There is a DICT server which allows to query the french Wikipedia dict://mali.geekcorps.org/d:wikipedia e.g. [4].
It would be really great if we could query Wikimedia content with this protocol.
BTW, while searching for http://google.com/search?q=wikipedia+dict I found a lot of websites reproducing Wikipedia content with Google Ads. I am wondering if they comply with the GNU GFDL license.
[1] http://www.ietf.org/rfc/rfc2229.txt [2] http://www.dict.org [3] http://dict.mozdev.org [4] http://mali.geekcorps.org/mediawiki/index.php/Wik2dict
The idea has been proposed many times.
Attached is a toy Polish Wiktionary->dictd gateway I once coded. It's not usable in the real world, but it may give people some ideas.
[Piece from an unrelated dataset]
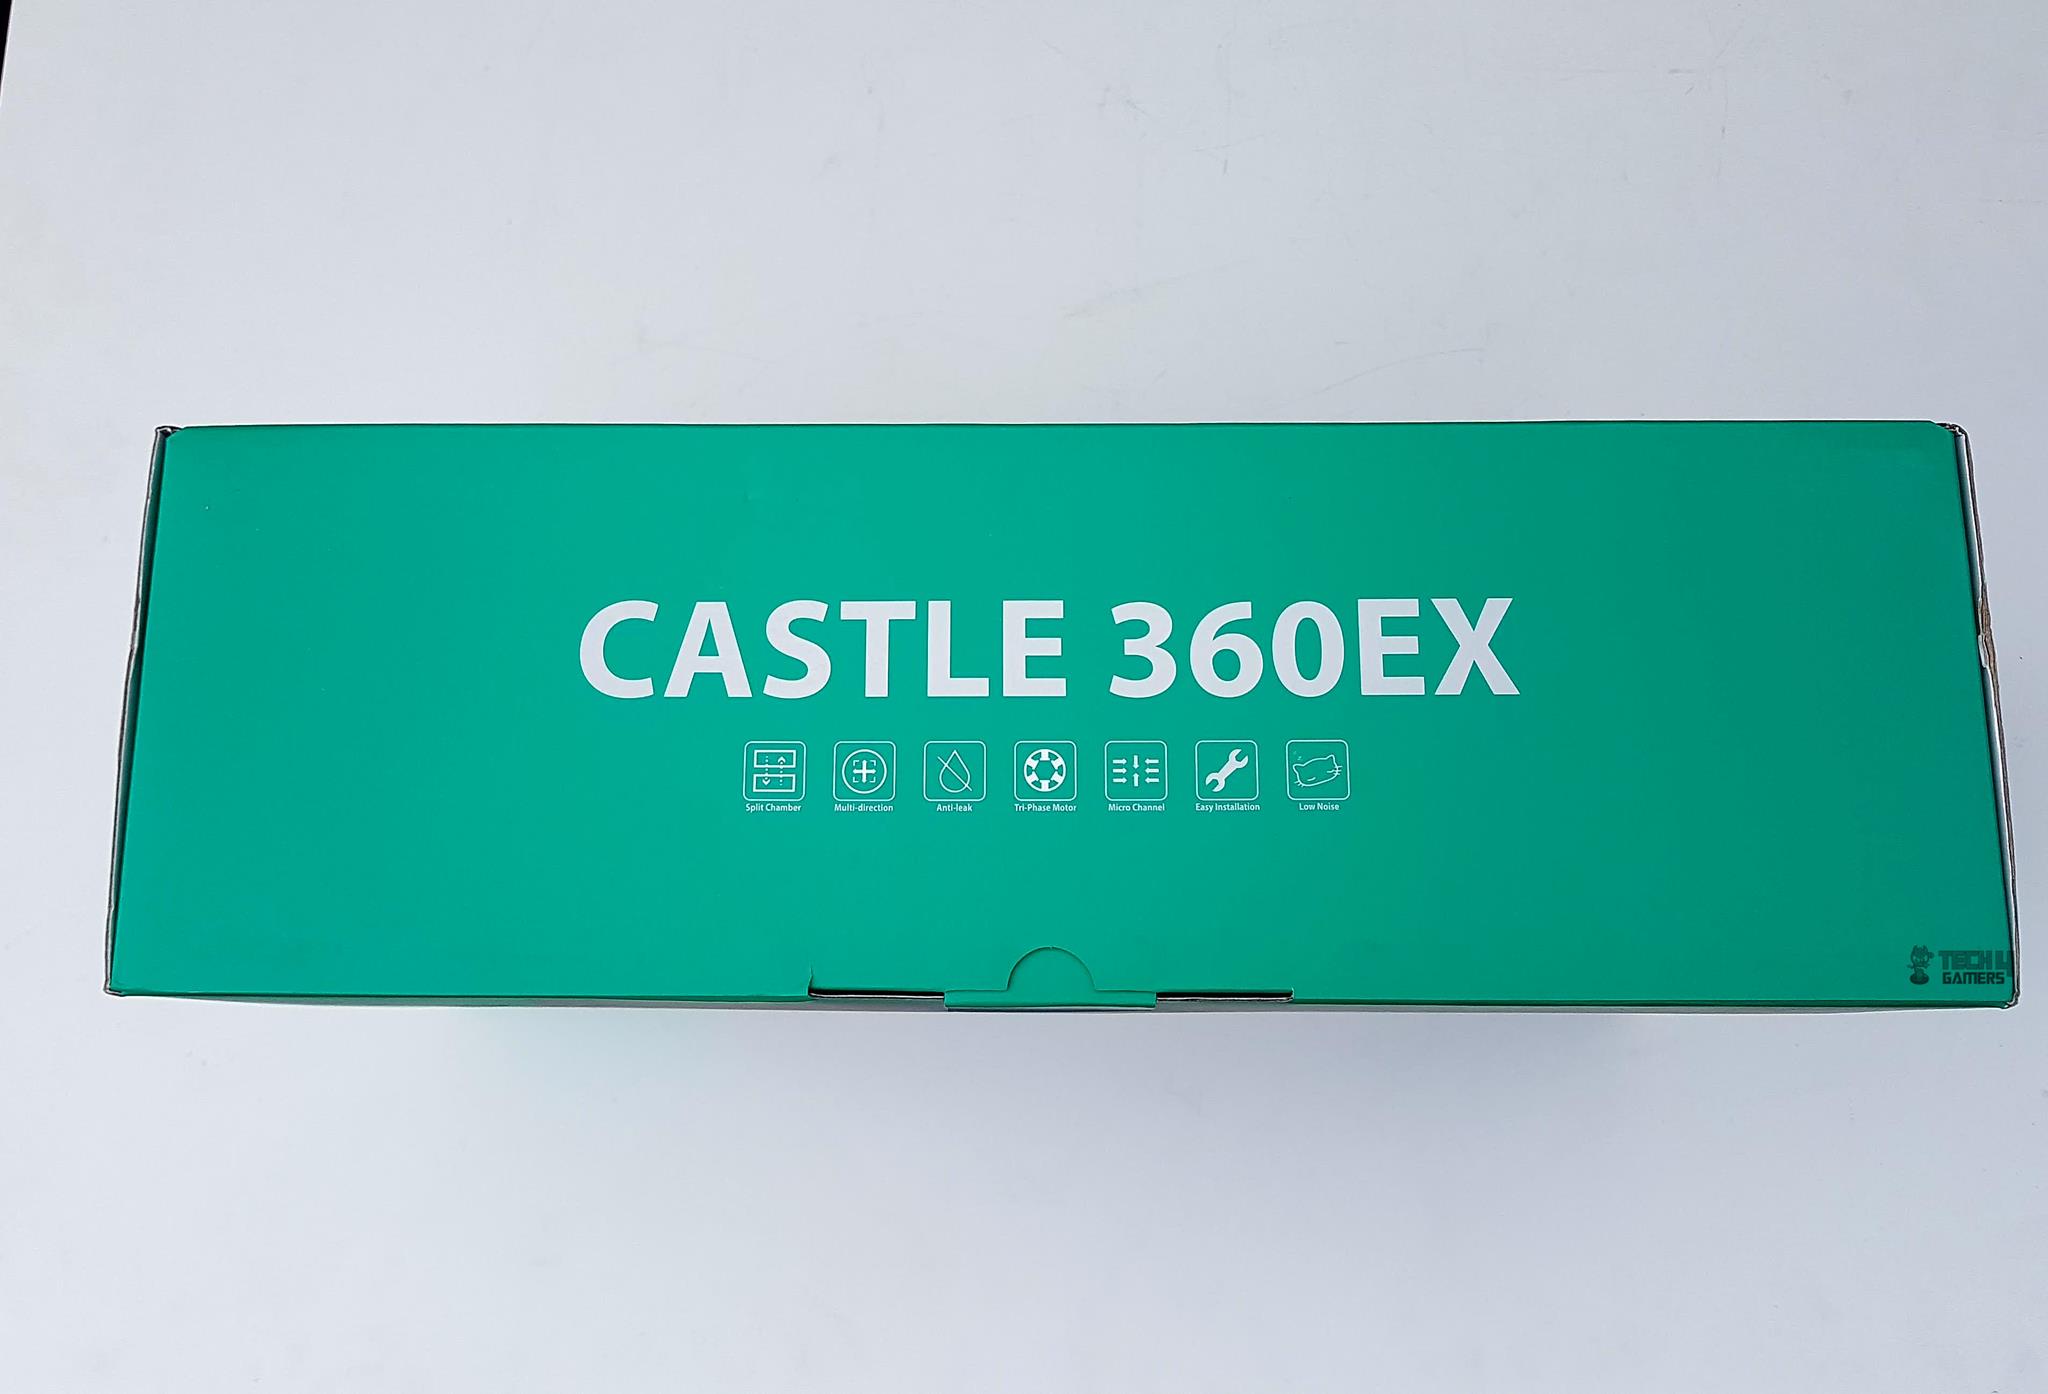  castle 360ex Packaging 
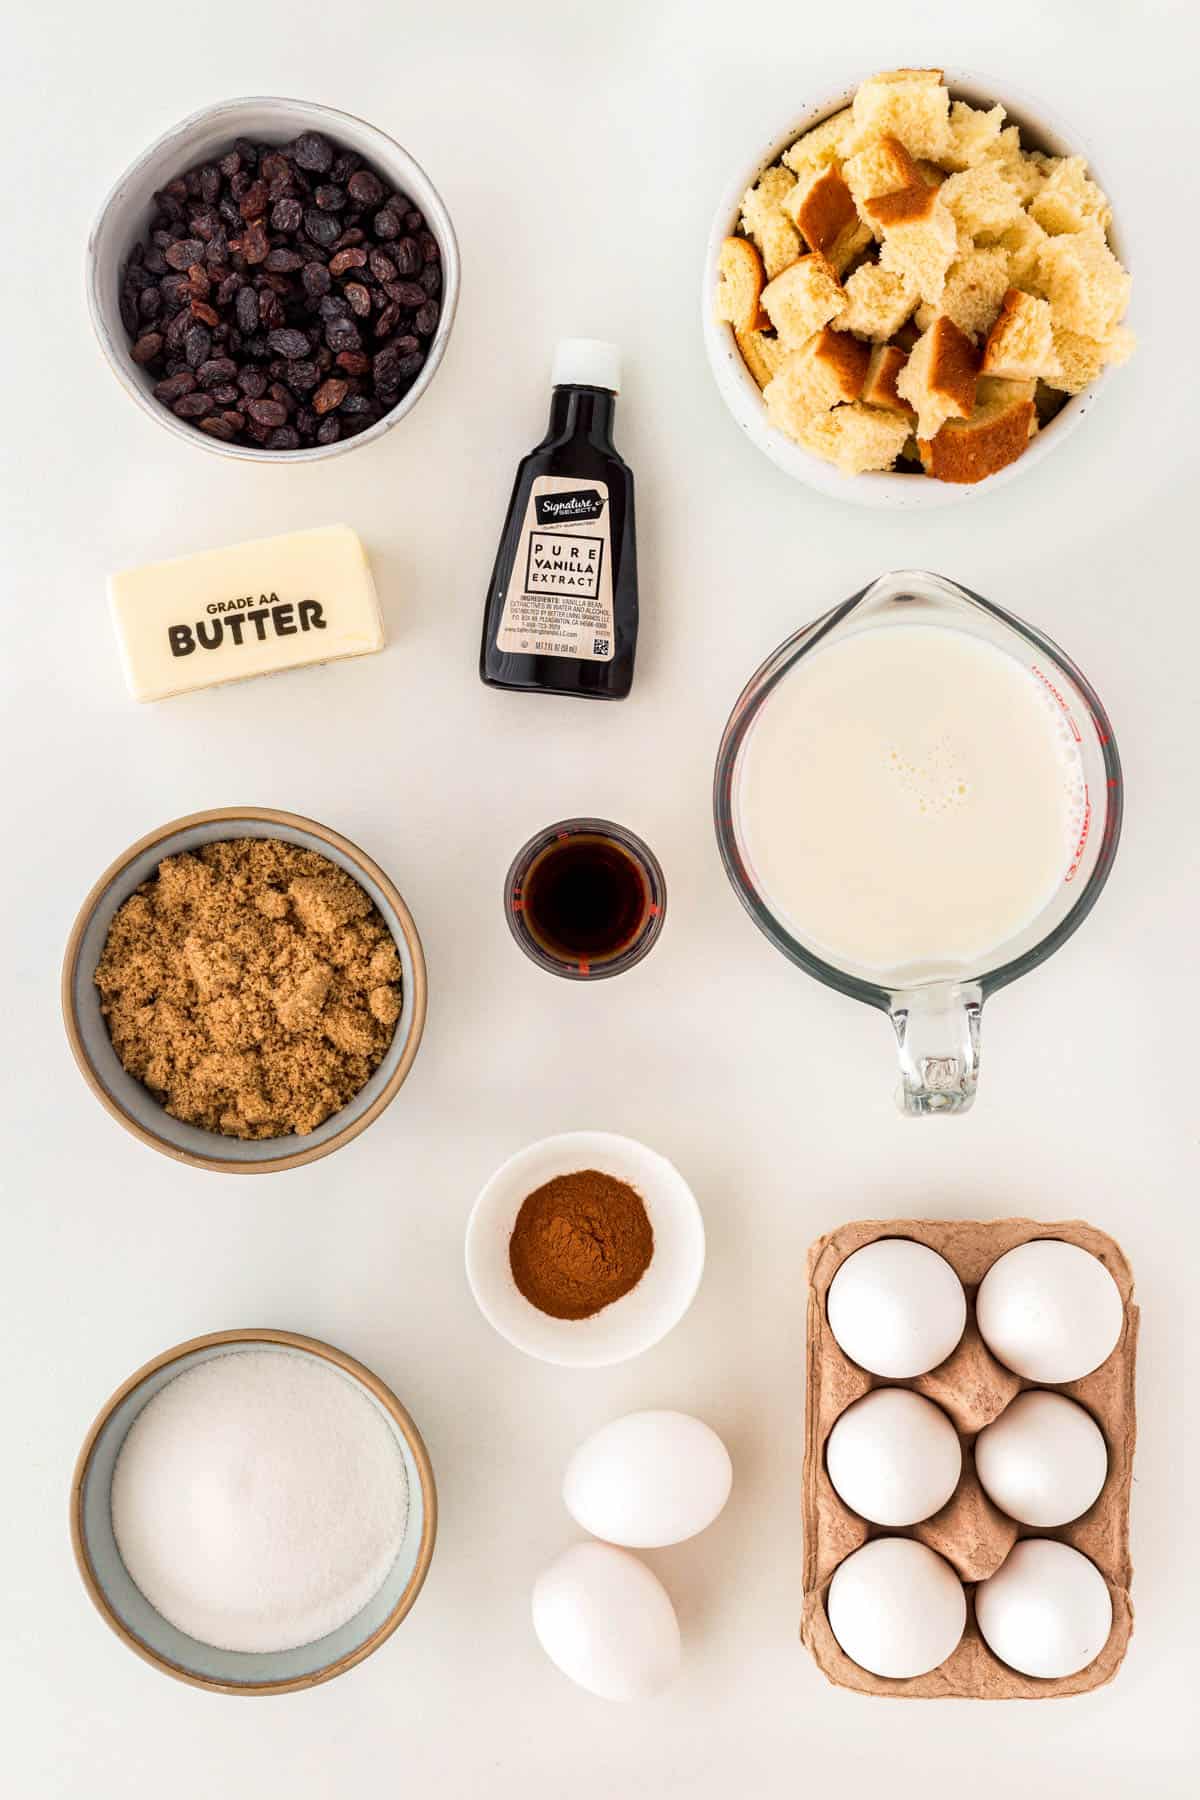 Ingredients for bread pudding recipe: rum and raisin.

I've talked to folks who have worked on it, but still I am left with the feeling that if there is to be a server/client protocol, http is the best way to handle it. Of course, if you want to download the content and run your own dict server for others thats great..but how many are out there that will use it?
/Alterego
On 9/11/05, Tomasz Wegrzanowski taw@users.sf.net wrote:
On Sun, Sep 11, 2005 at 05:29:57AM -0400, Jimmy Wales wrote:
Dear Sir,
I would like to suggest you at Wikimedia to use the DICT protocol [1] which allows to query dictionaries and databases [2].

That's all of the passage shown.